Doctor of Philosophy
Pratt, R. Gerhard
Seismic full waveform inversion (FWI) is a non-linear problem. The Born approximation provides a way to linearize FWI and obtain a gradient in a computationally efficient manner. However, this linearization is only valid if the background velocity is sufficiently known, which often is not possible in practice. There have been various attempts at solving problems associated with the non-linearity of FWI by separating the problems of background and scatterer inversion. Most of the methods, however either depend on the availability of low frequencies and large offsets in the data, or separate the spatial scales completely, which removes the scattered information from the gradient. A complete separation of scales can fail to solve the problem of false local minima. Constrained scale separation methods have also been proposed, however these either require extra computational cost or a priori information about the reflectivity. Cycle-skipping in FWI is an offset dependent phenomenon; a differential semblance approach has been used to take this offset dependance into account. However differentiating the residuals with offset creates a preferred weighting on large offset arrivals, which generally correspond to longer path lengths. In this thesis, I propose scaled-Sobolev methods, which can be applied with negligible extra computational cost per iteration. To this end, I will define a scaled Sobolev inner product (SSIP) to take the scaled derivatives of a function into account when defining a norm, and use it to derive scaled-Sobolev pre-conditioners (SSP) for model and data domain pre-conditioning. The model domain SSP provides a constrained scale separation. The offset dependance of cycle-skipping is taken into account by a scaled-Sobolev objective function (SSO). I apply the scaled-Sobolev methods in both model and data domains using 2D synthetic examples within the acoustic approximation.

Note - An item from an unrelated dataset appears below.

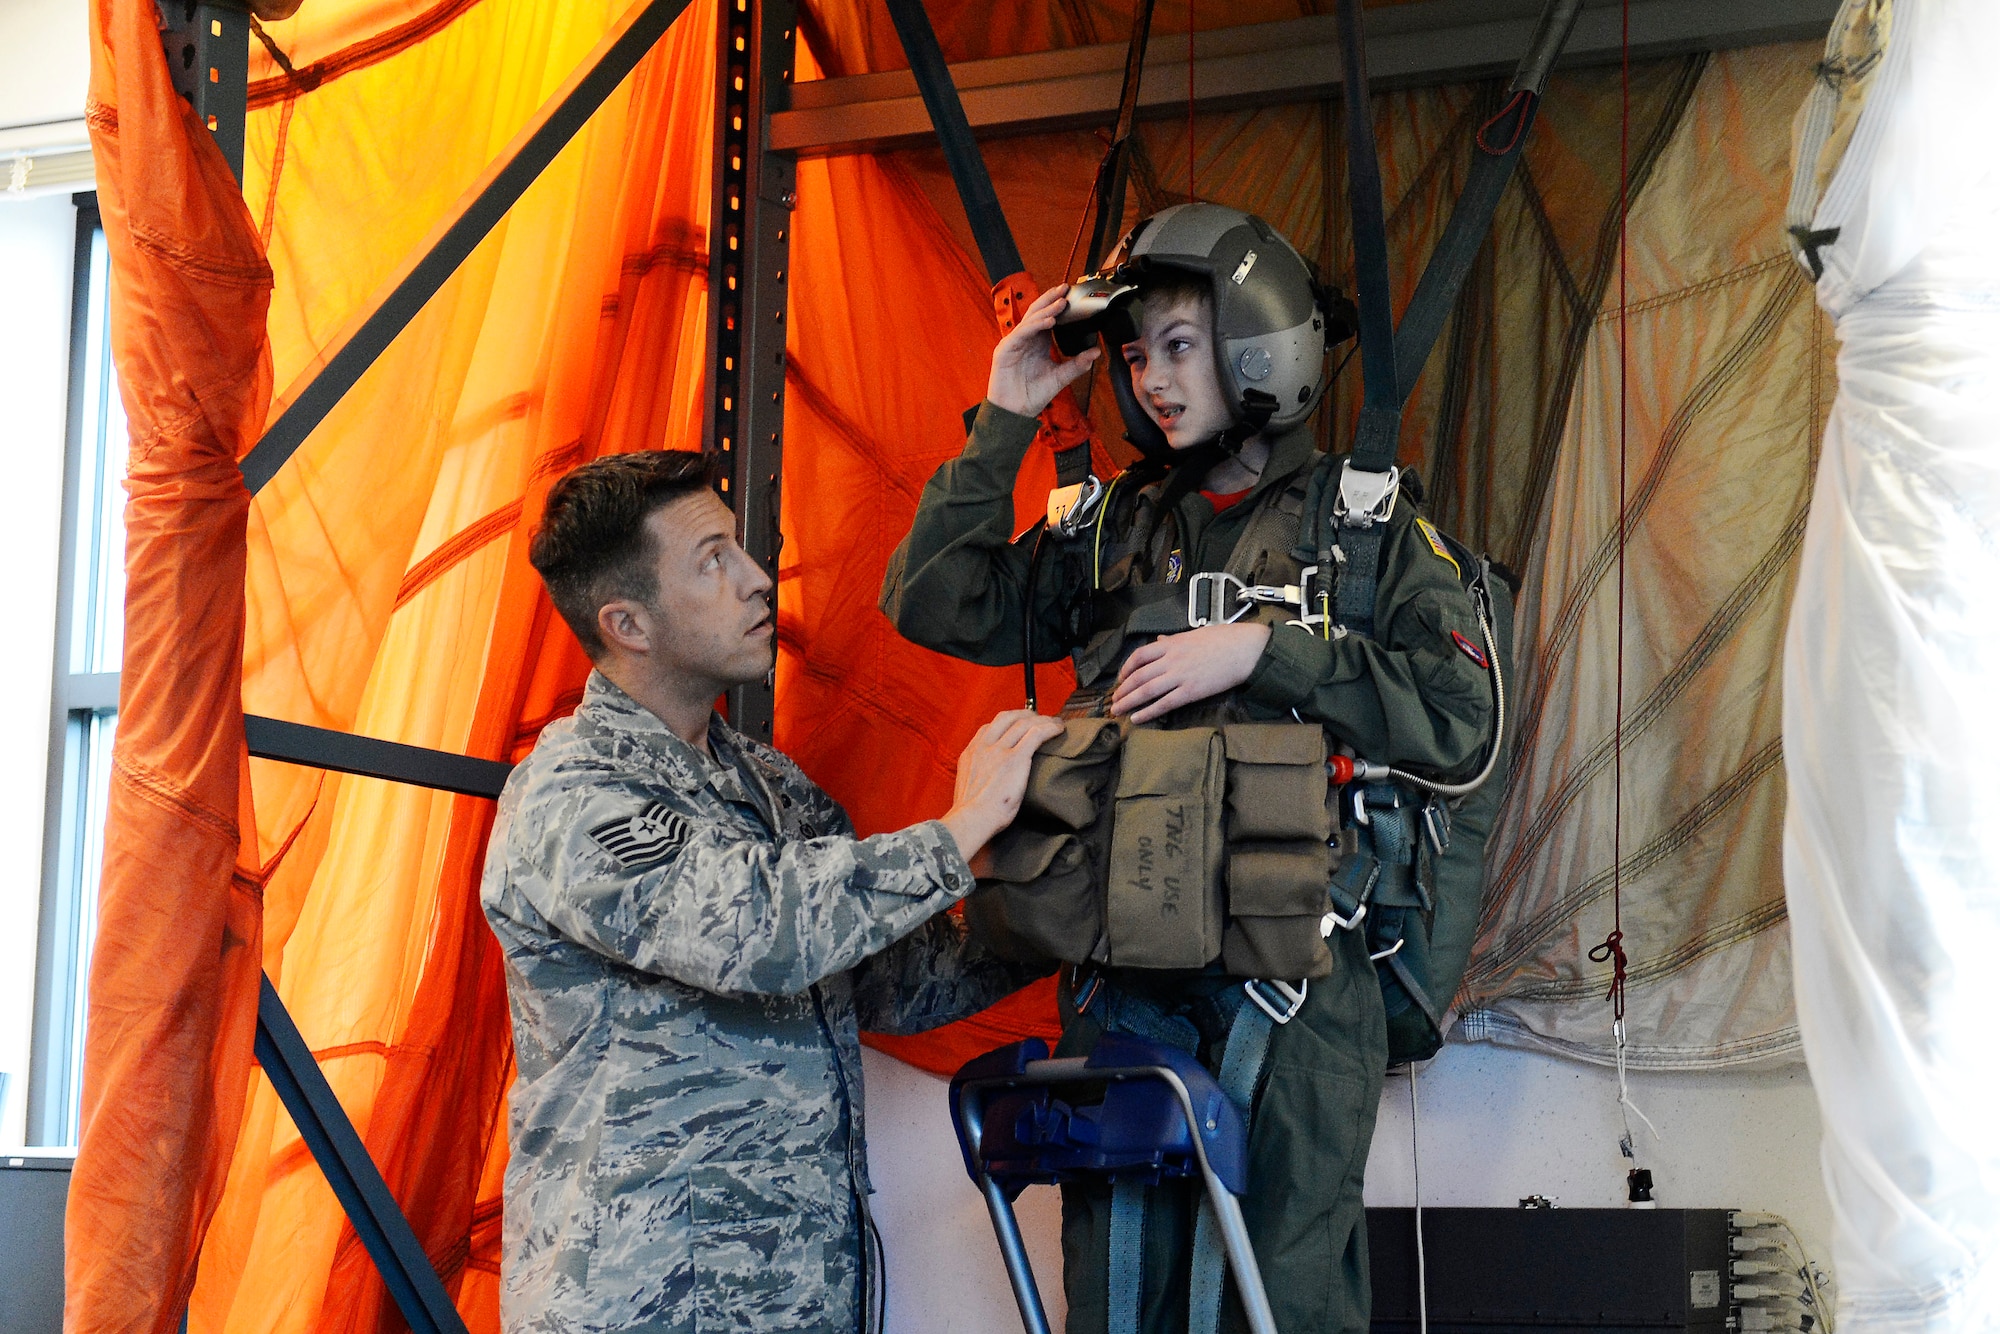 Carver Faull, participant in the Pilot for a Day program, looks into the virtual reality goggles he’ll use to complete his simulated Survival, Evasion, Resistance and Escape parachute training, Feb. 20, 2015, at Joint Base Lewis-McChord, Wash. The goggles simulated falling from 4,000 feet, and Carver’s goal was to navigate the parachute to the sand for a soft landing. (U.S. Air Force photo/Senior Airman Rebecca Blossom)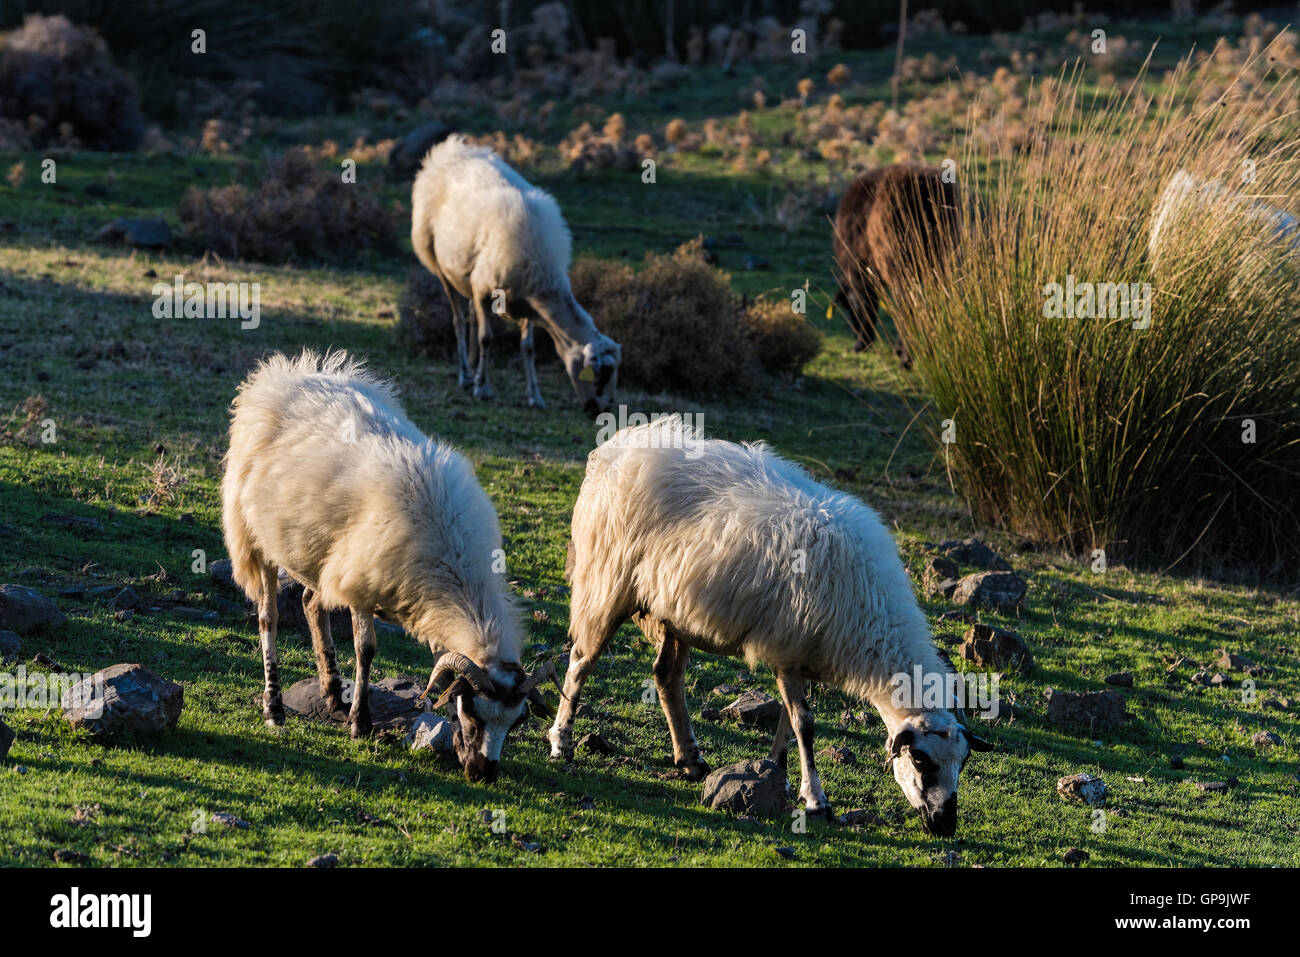 A flock of sheep graze in a green field at sunset in Kos island, Greece Stock Photo

Finally, I apply the scaled-Sobolev methods to the ocean bottom wide-angle velocity experiment (OBWAVE). The OBWAVE inversion results show that the scaled-Sobolev methods managed to correct some large traveltime errors and suppress the artifacts in the gradient, thereby mitigating the non-linearity in the FWI. The results revealed deeper structures interpreted as the Moho discontinuity and showed good agreement with previous studies for the shallow structures.
Zuberi, Mohammad Akbar Hosain, "Mitigating non-linearity in full waveform inversion using scaled-Sobolev norms" (2017). Electronic Thesis and Dissertation Repository. 5091.